Dari Saskia, gue banyak belajar mengenai kesabaran. Dia terus berulang-ulang mengatakan pada gue bahwa buah dari kesabaran itu rasanya manis.
Dulu, gue cuma anggap angin lalu peribahasa itu. Namun, sekarang, setelah gue banyak berpikir, itu ada benarnya. Gue nggak bisa gegabah melakukan apapun. Gue sebisa mungkin harus seflat mungkin menyikapi masalah, meskipun gue pasti menahan emosi.

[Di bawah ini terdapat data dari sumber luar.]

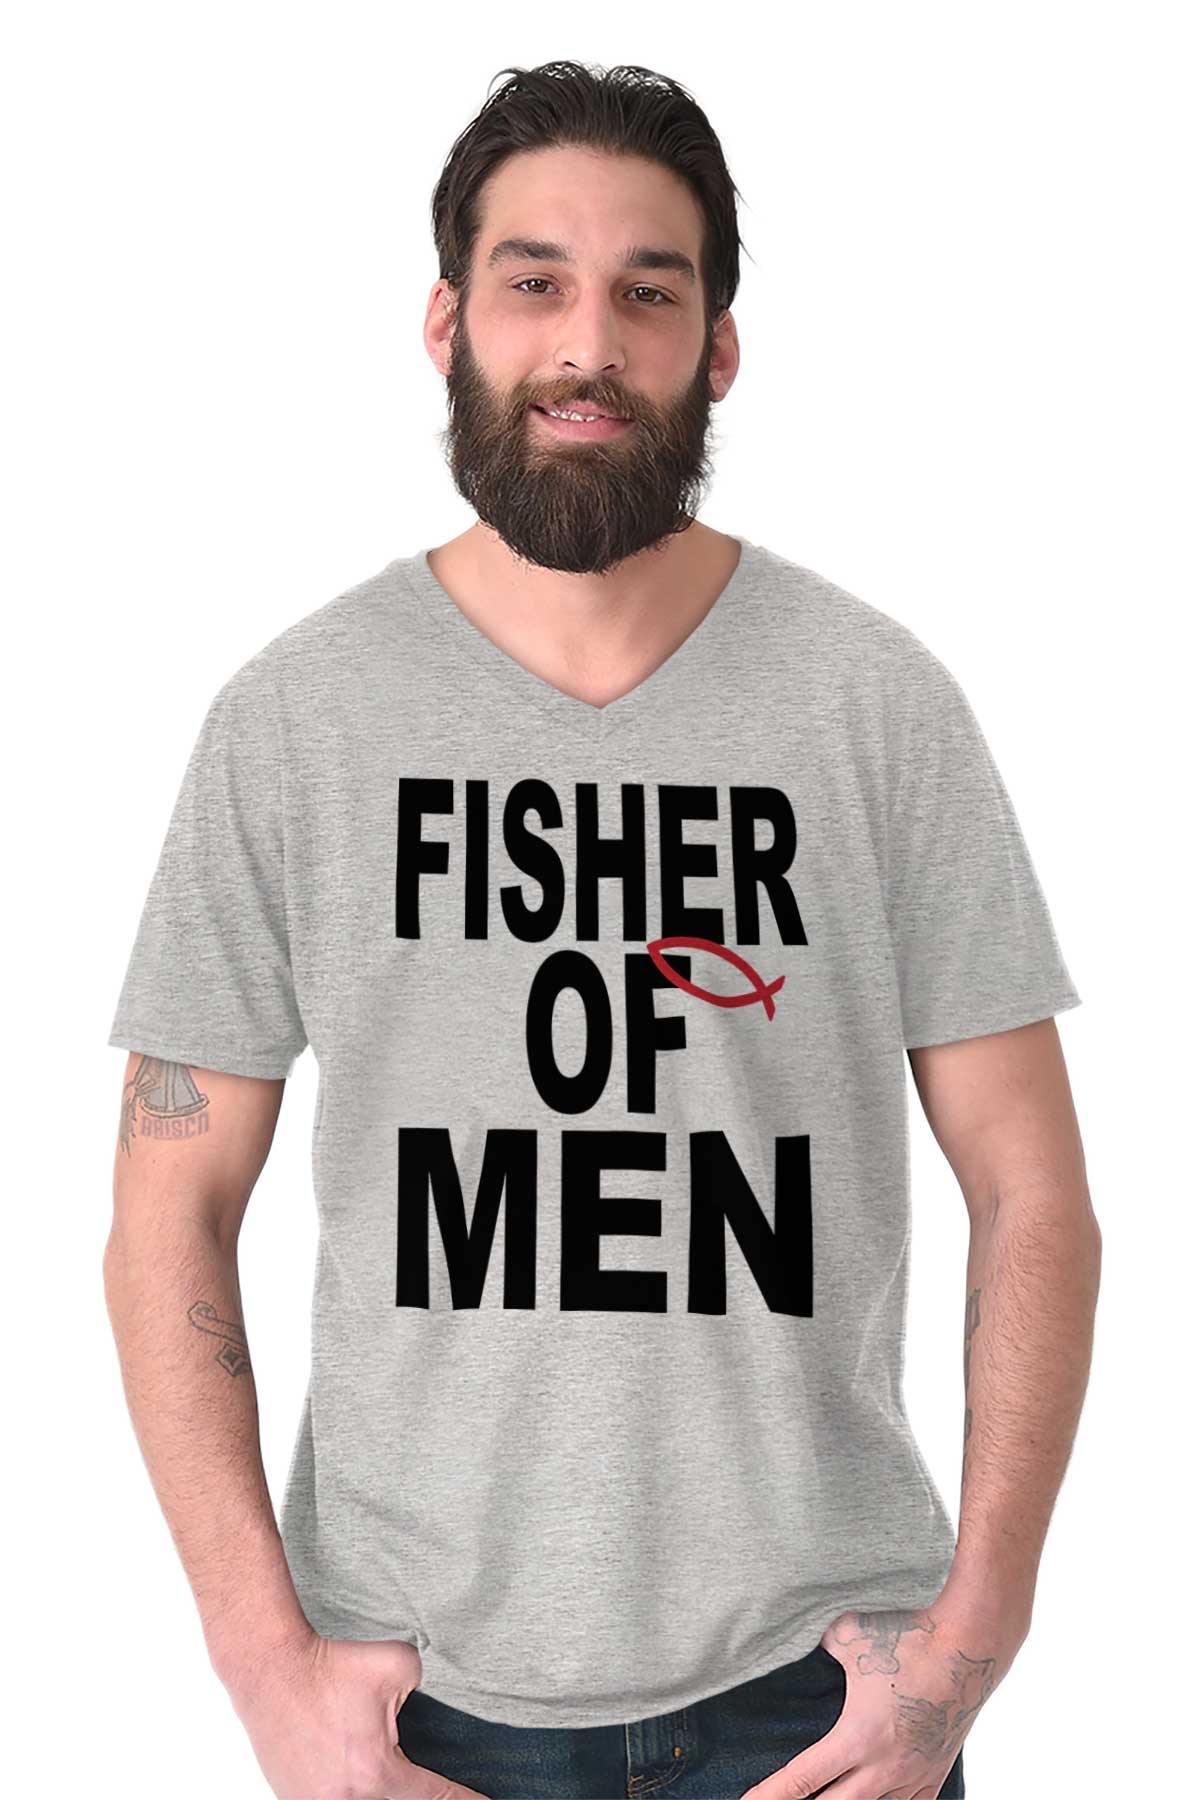 Christian Strong Fisher of Men V-Neck T-Shirt Men's Women's Christian Faith, Sport Grey / Small

Saskia menyarankan gue untuk olahraga kick boxing atau yoga. Manapun untuk meredam emosi gue yang selama itu gue tahan dan bisa private. Dia menyarankan jangan olahraga aerobic atau olahraga yang berkelompok lainnya. Karena itu akan memunculkan lingkungan toxic baru, di mana gue bisa aja terpengaruh dan keceplosan masalah rumah tangga gue. Dan, nggak semua orang akan ikut sedih atau mendukung keputusan-keputusan gue.
Halaman demi halaman yang dirincikan oleh Saskia dalam format pdf, membuat gue gentar untuk membaca. Gue butuh timing khusus. Dan gue nggak bisa memulainya malam ini. Tama masih bangun.
“Kok muka kamu serius banget?” tanya Tama, mengagetkan gue.
Gue langsung menutup semua aplikasi di handphone gue.
“Nggak papa. Cuma lagi baca artikel aja,” sahut gue datar.
“Say, yuk…!” Tama memberi isyarat pada gue untuk melakukan hubungan intim.
Gue pun akhirnya mengiyakan. Namun setelah selesai, Tama tidak langsung tidur. Dia menatap gue lekat-lekat.